RNA preprocessing#

Method#

FastQC was used before and after trimming to check the quality of RNA short reads. Trimmomatic was used to trim the reads.

FastQC#

Command:

for file in ~/genome_analysis/data/RNA_raw_data/*
do
fastqc $file -o ~/genome_analysis/analyses/04_rna_preprocessing/01-fastqc
done

for file in ~/genome_analysis/data/RNA_trimmed_reads/*
do
fastqc $file -o ~/genome_analysis/analyses/04_rna_preprocessing/03-fastqc
done

Trimmomatic#

Command:

java -jar $TRIMMOMATIC_HOME/trimmomatic.jar PE -threads 2 \
~/genome_analysis/data/RNA_raw_data/${name}_1.fastq.gz \
~/genome_analysis/data/RNA_raw_data/${name}_2.fastq.gz \
~/genome_analysis/analyses/04_rna_preprocessing/02-trimmomatic/$name.1P.fastq.gz \
~/genome_analysis/analyses/04_rna_preprocessing/02-trimmomatic/$name.1U.fastq.gz \
~/genome_analysis/analyses/04_rna_preprocessing/02-trimmomatic/$name.2P.fastq.gz \
~/genome_analysis/analyses/04_rna_preprocessing/02-trimmomatic/$name.2U.fastq.gz \
ILLUMINACLIP:$TRIMMOMATIC_HOME/adapters/TruSeq3-PE.fa:2:30:10 \
LEADING:20 \
TRAILING:20 \
SLIDINGWINDOW:1:3 \
MINLEN:40 \
MAXINFO:40:0.5

In paired end mode, two input files, and 4 output files are specified, 2 for the ‘paired’ output where both reads survived the processing, and 2 for corresponding ‘unpaired’ output where a read survived, but the partner read did not.
Options were set to be the same as the paper.

Results and discussion#

The main purpose of trimming is to remove adapters which will lead to mapping errors because adapter sequences do not occur in genome. Take one of the file ERR2036629 as an example. The quality before trimming is low, while quality clearly improves after trimming.

Input Read Pairs: 24278349
Both Surviving: 21793091 (89.76%)
Forward Only Surviving: 2433801 (10.02%)
Reverse Only Surviving: 10914 (0.04%)
Dropped: 40543 (0.17%)

before	after

Q & A#

Reads quality control#

What is the structure of a FASTQ file?

Four lines including a sequence identifier with information about the sequencing run and the cluster, the sequence, a separator a plus sign, the base call quality scores.

How is the quality of the data stored in the FASTQ files? How are paired reads identified?

Quality score for each base is represented as an ASCII character. Two reads in a read pair are store in two seperate files, having the same prefix in the first line, identified as the first or second read by suffix 1 or 2.

How is the quality of your data?

RNAseq reads have low quality before trimming, according to the red crosses on several metrics in the FastQC reports.
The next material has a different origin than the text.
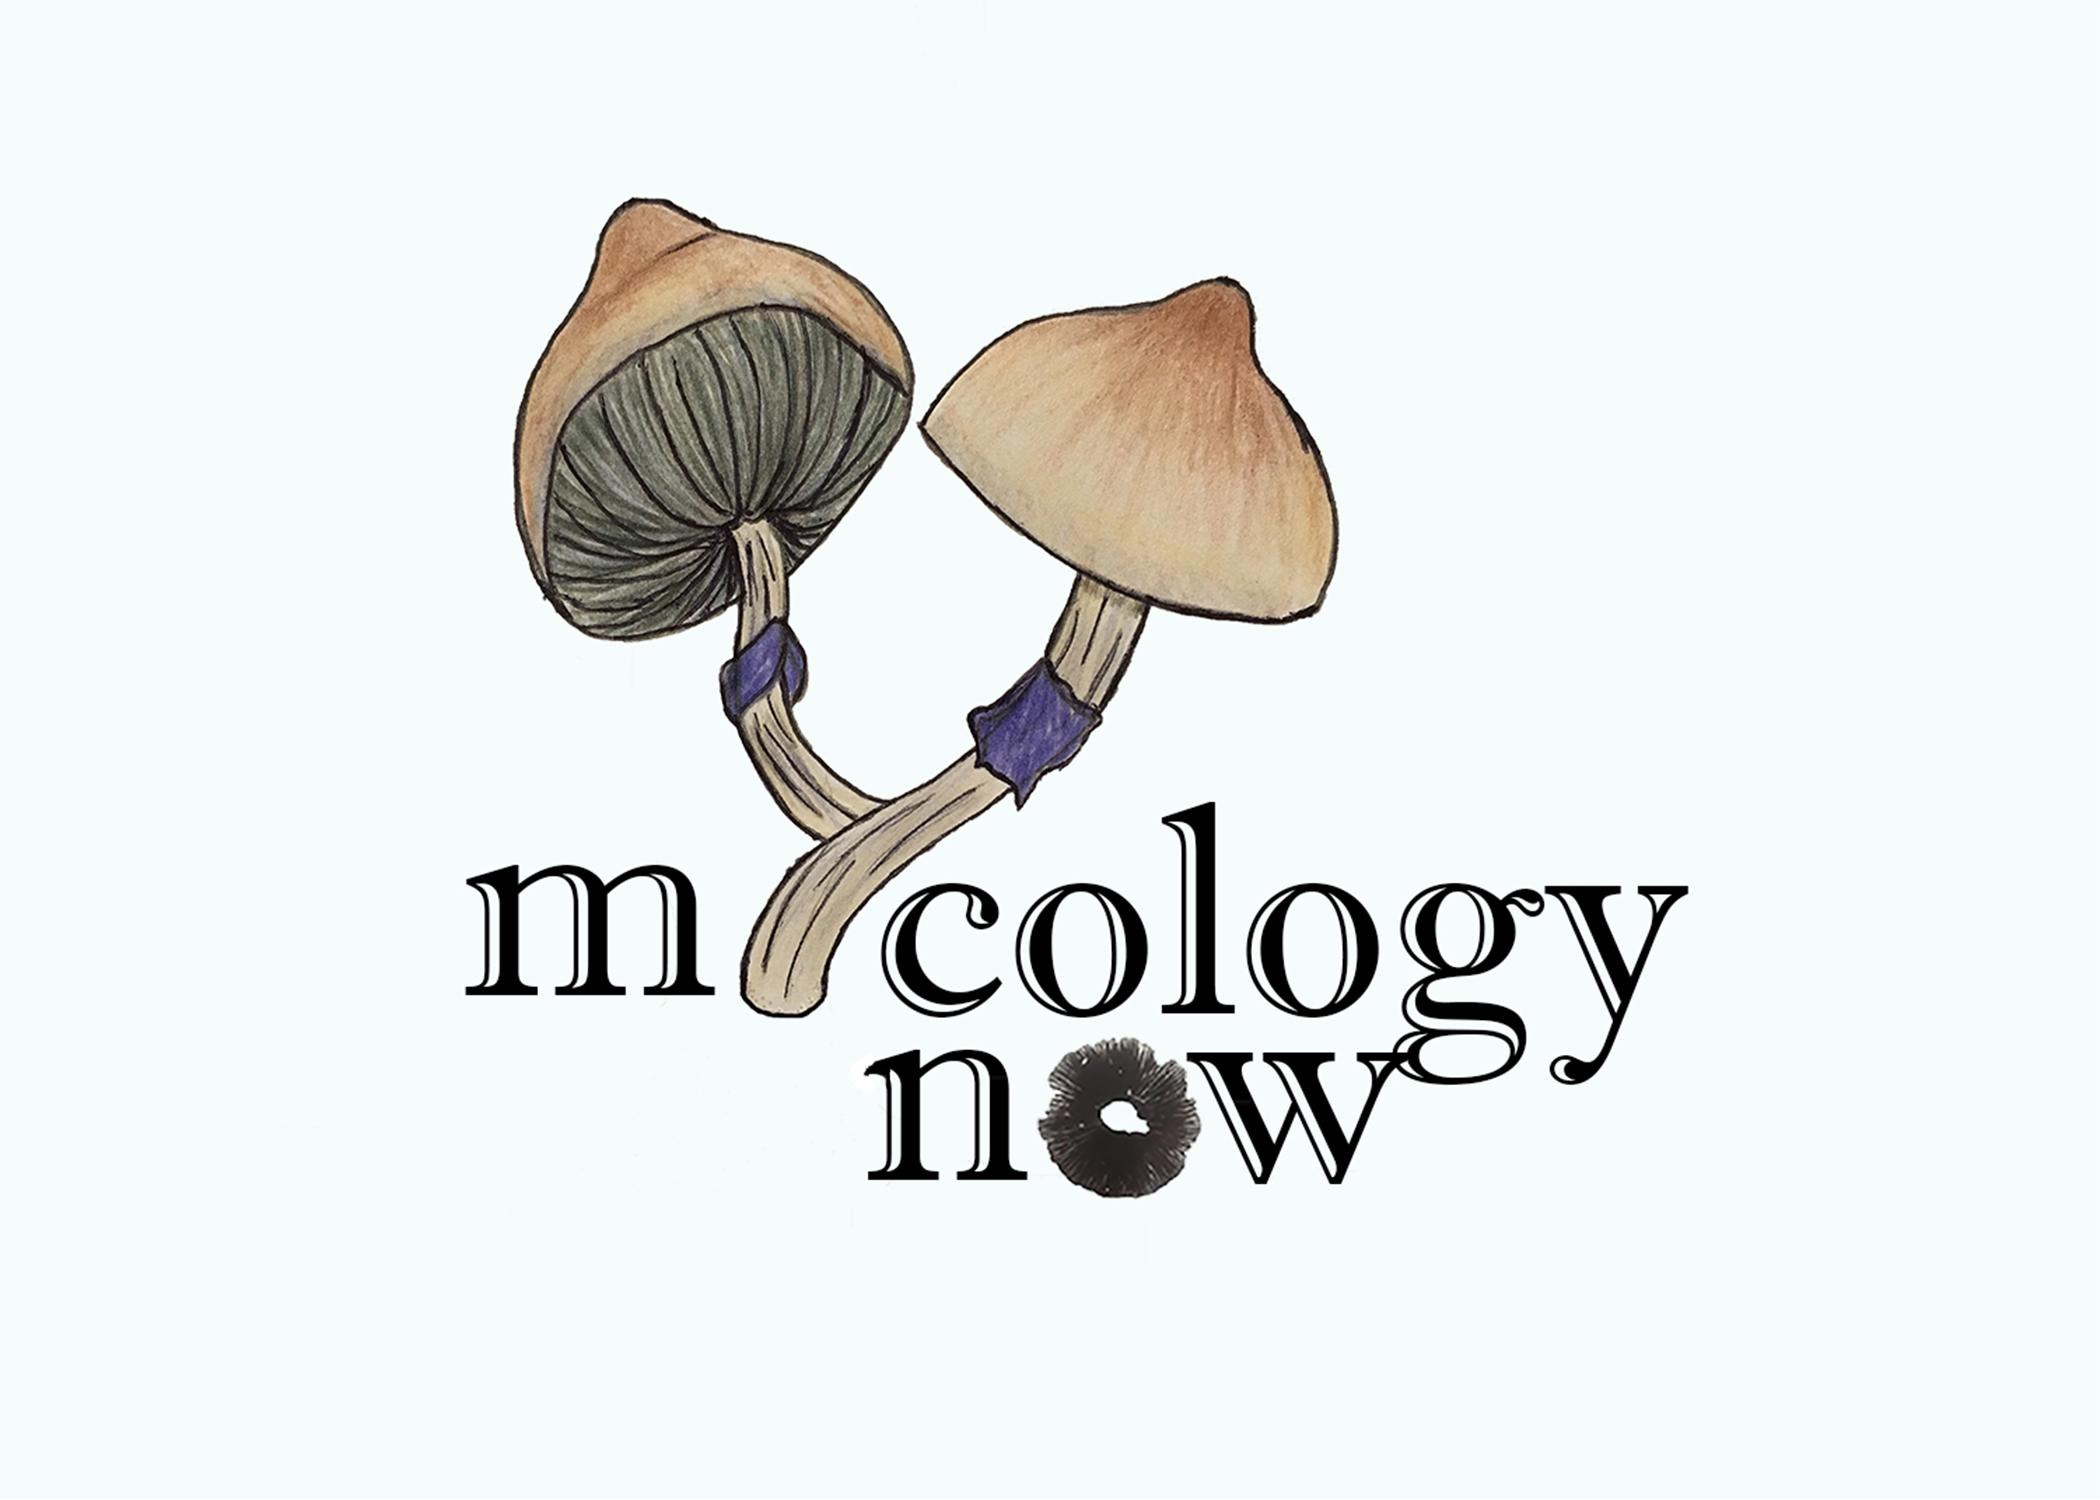 Spore Syringes' Microscopy | Mycology Now

What can generate the issues you observe in your data? Can these cause any problems during subsequent analyses?

The existence of the adapter, possible contamination in experiments.

Reads preprocessing#

How many reads have been discarded after trimming?
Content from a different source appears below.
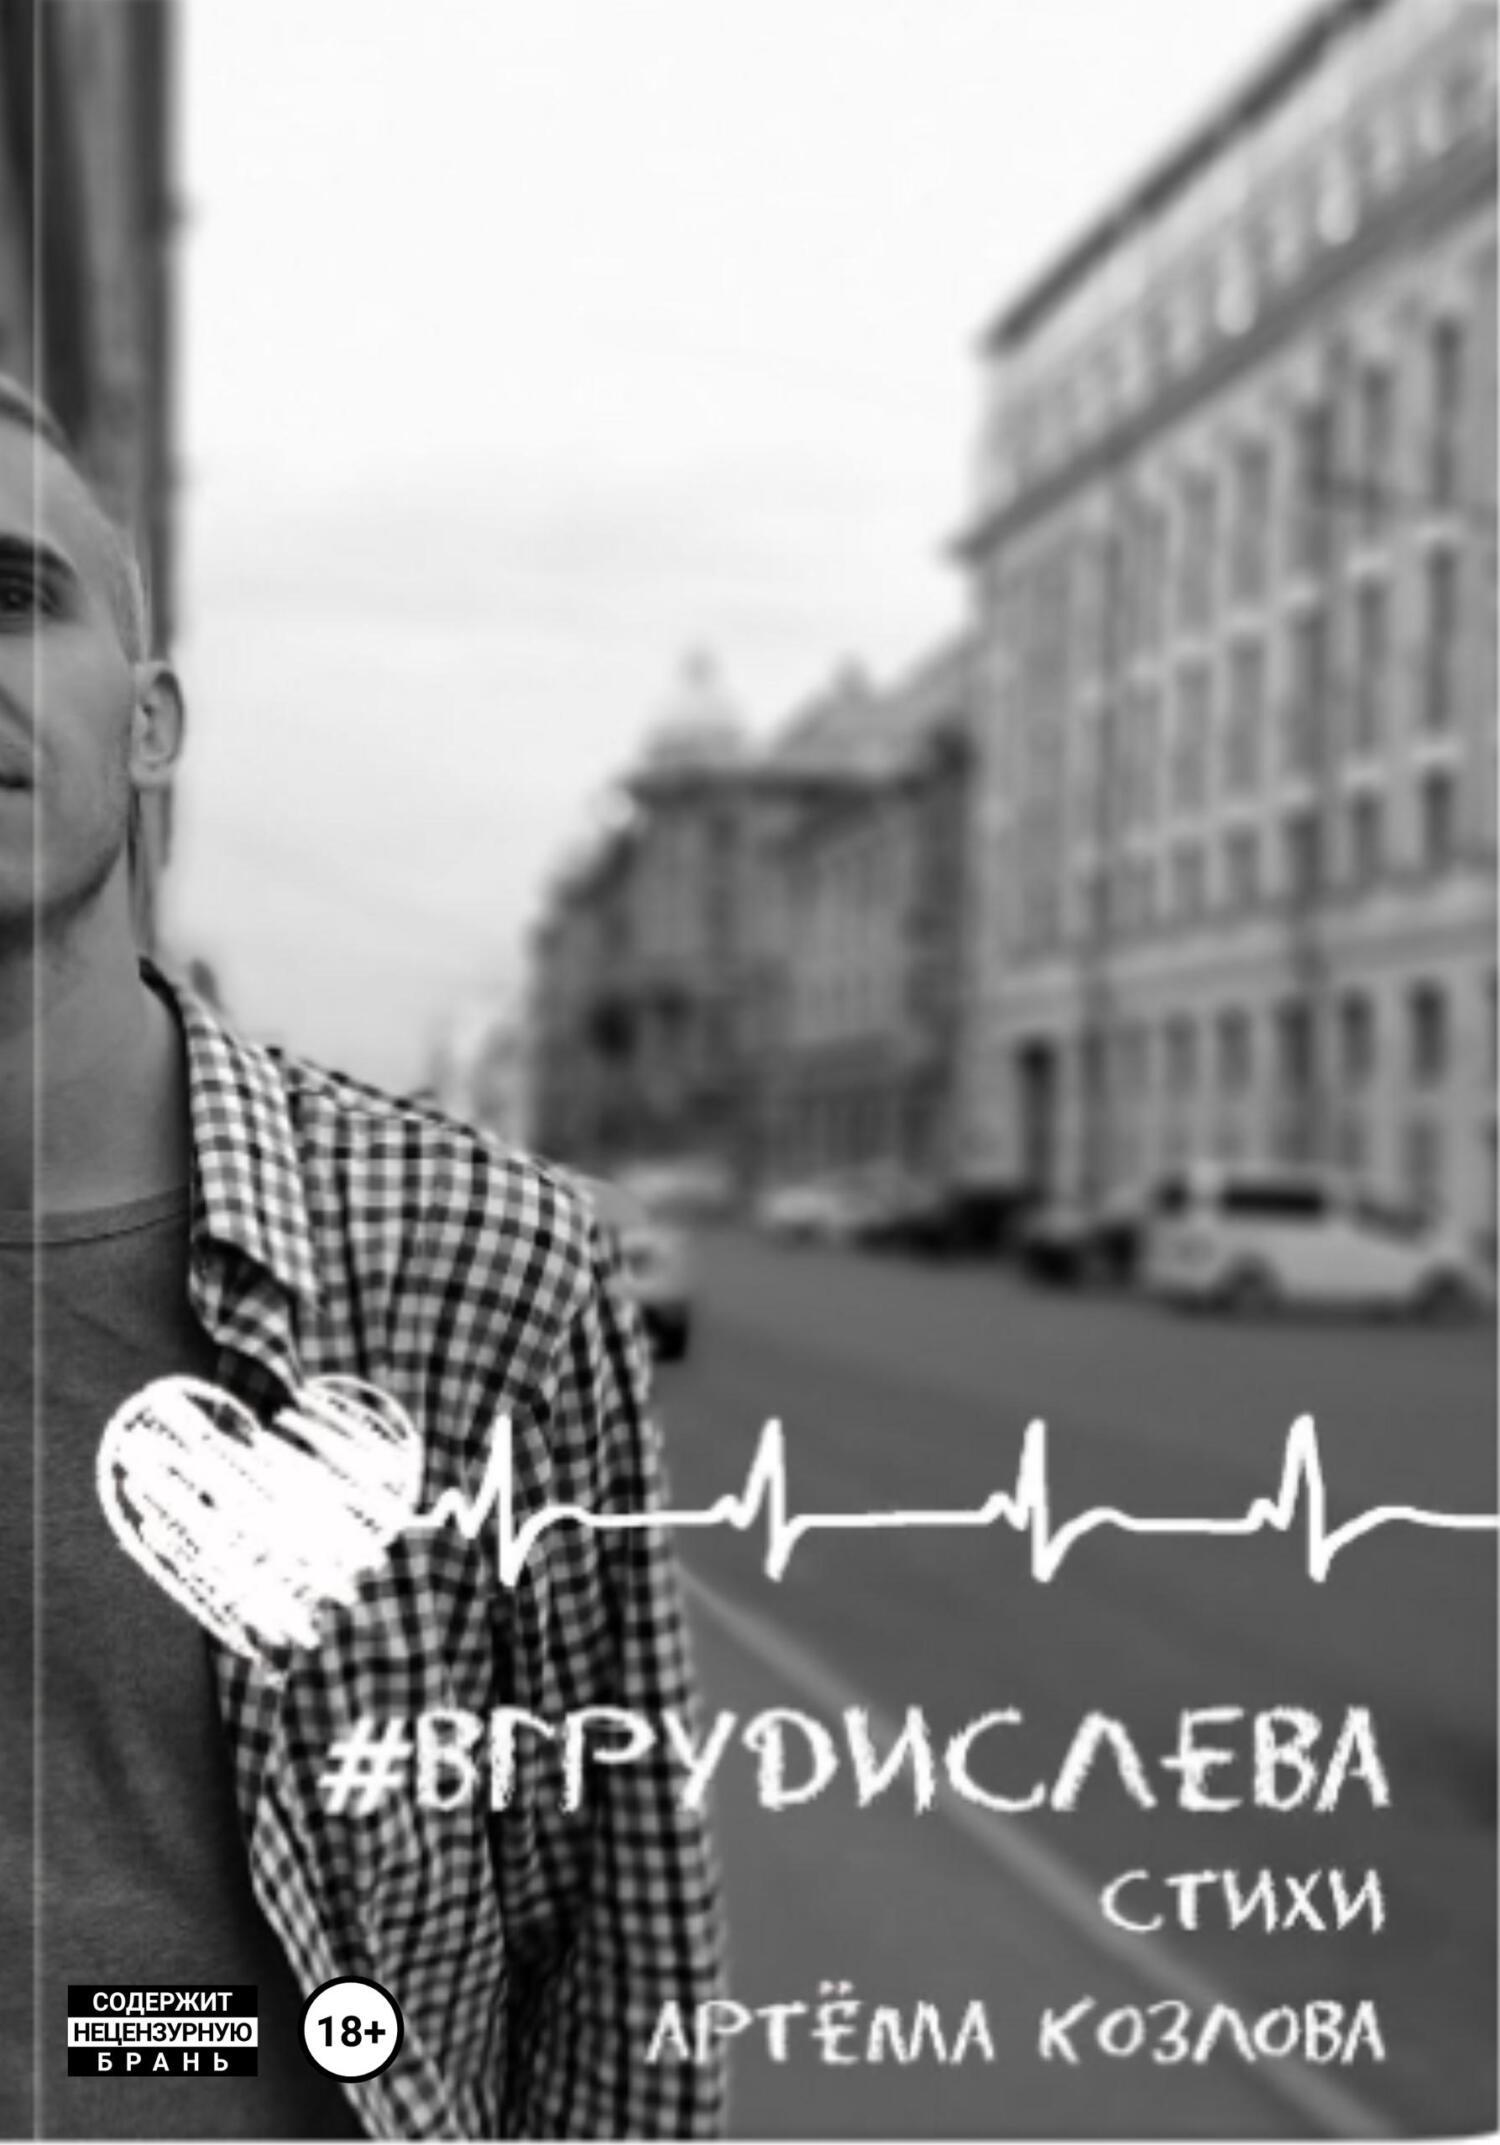 Артем Викторович Козлов #вгрудислева

Less than 1% RNA reads were discarded. In the trimming process of CANU of DNA reads, only 8772 reads survive from 215276 input reads.

How can this affect your future analyses and results?

Trimming RNA reads increases the accuracy of RNA mapping and counting. Most DNA reads deleted are reads with no overlaps, so they have no effect on assembly.

How is the quality of your data after trimming?

Although some metrics still have low quality, total quality is improved.

What do the LEADING, TRAILING and SLIDINGWINDOW options do?

LEADING cuts bases off the start of a read if below a threshold quality. TRAILING cuts bases off the end of a read if below a threshold quality. SLIDINGWINDOW performs a sliding window trimming, cutting once the average quality within the window falls below a threshold. The different processing steps occur in the order in which the steps are specified on the command line.